Letters to the Editor
Indeed, why fight?
Letter to the editor · Alan Wright · Roslindale
Dear Editor,
My friend, Sal Giarrantani, laments that neighbors in Jamaica Plain are fighting each other over housing development plans when he wishes they would work together. In the same issue of The Bulletin there is report of another fight over a much-delayed housing project. Developer Mark Kaplan did a commendable job of explaining how complex, time-consuming and costly it is to get any project approved, let alone built.
Some rage that developers are greedily taking advantage of the dire housing shortage when in fact they have about as good a chance of earning a fair profit for their labors as they do at winning in Las Vegas. The working together that is needed is not opposition to more housing but collaboration with the City administration and developers to minimize project costs while adding as much as possible.

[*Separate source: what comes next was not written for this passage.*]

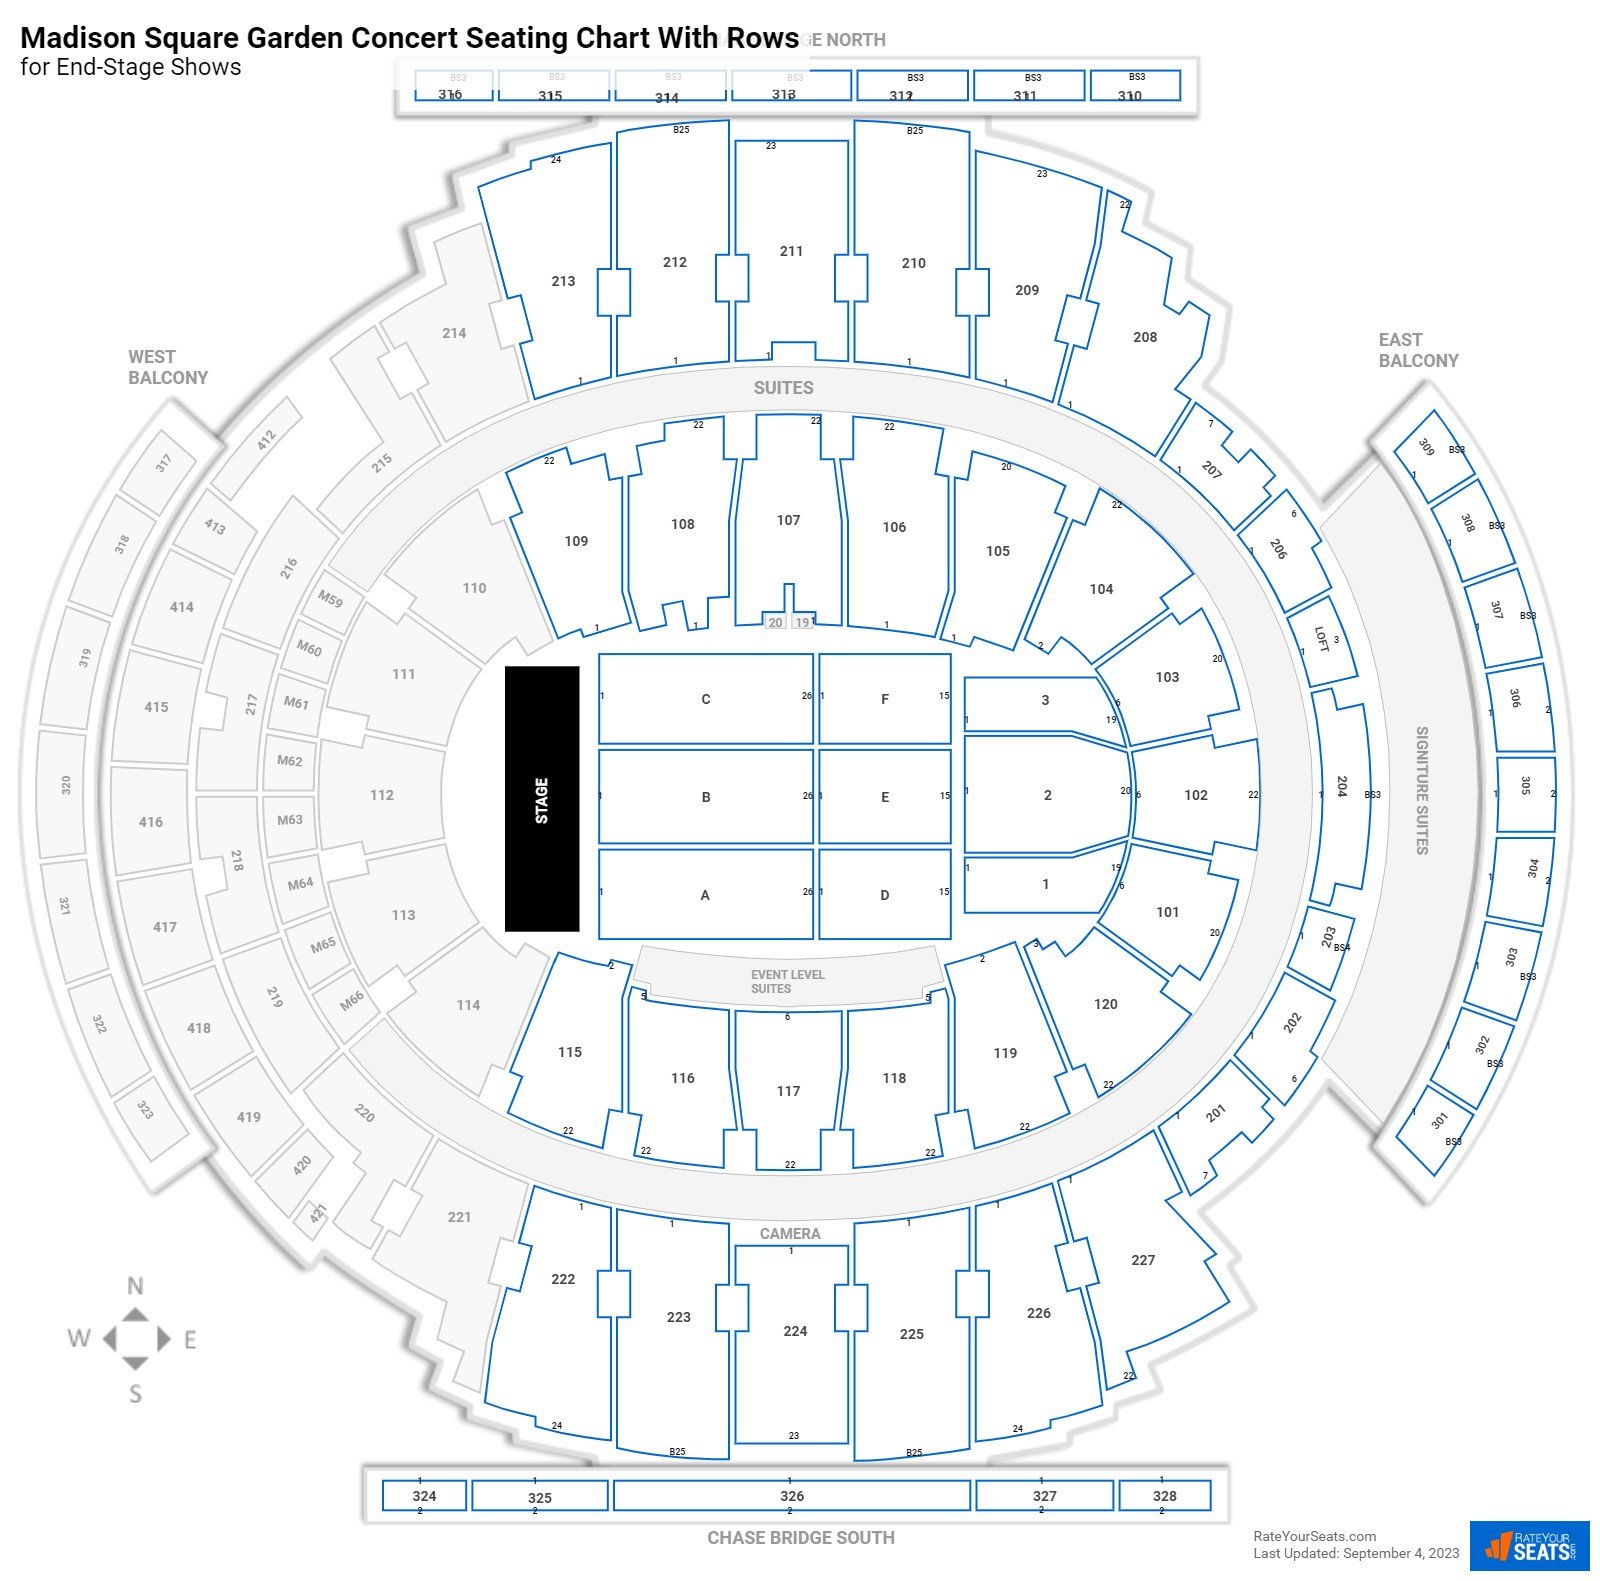 Madison Square Garden Seating For Concerts Rateyourseats Com
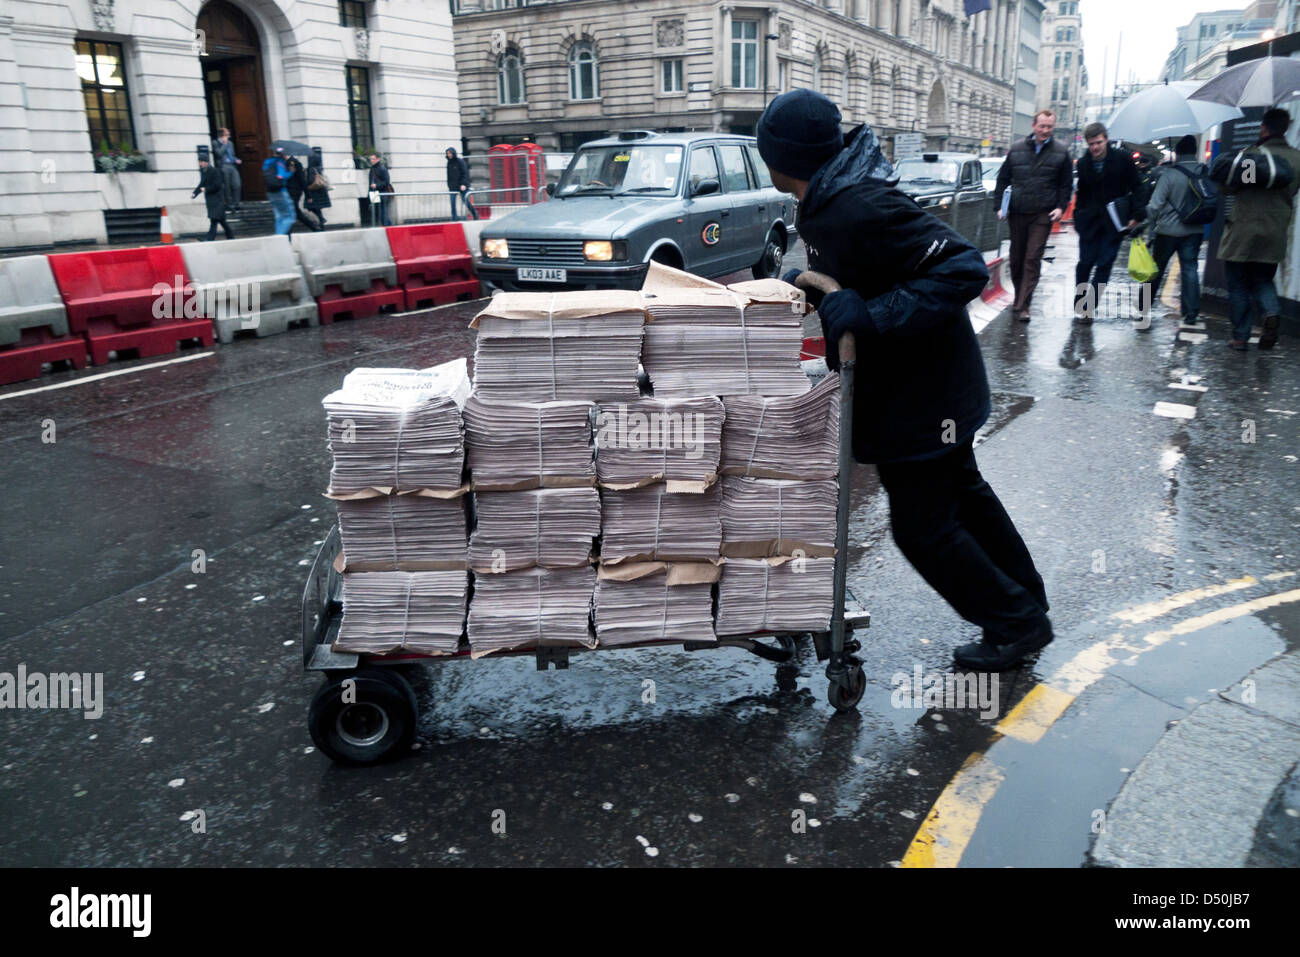 A newspaper seller worker delivering a stack of newspapers in rain to a newsstand in Moorgate  London England UK    KATHY DEWITT Stock Photo

Many of us worked hard together to support the City Squares + Streets effort to streamline approval of new development. The effort is beginning to bear fruit: witness the B’Nai B’rith senior housing redevelopment of the Bank of America building and the project at 4487 Washington reported in the same issue of The Bulletin. Costs increase when there are shortages, for which the only real solution is creating more supply. None of us, no matter how long we have lived in a place, have a right to demand that nothing change especially when such resistance only serves to perpetuate the pain others less fortunate experience when an inadequate supply of housing puts them at constant risk of homelessness.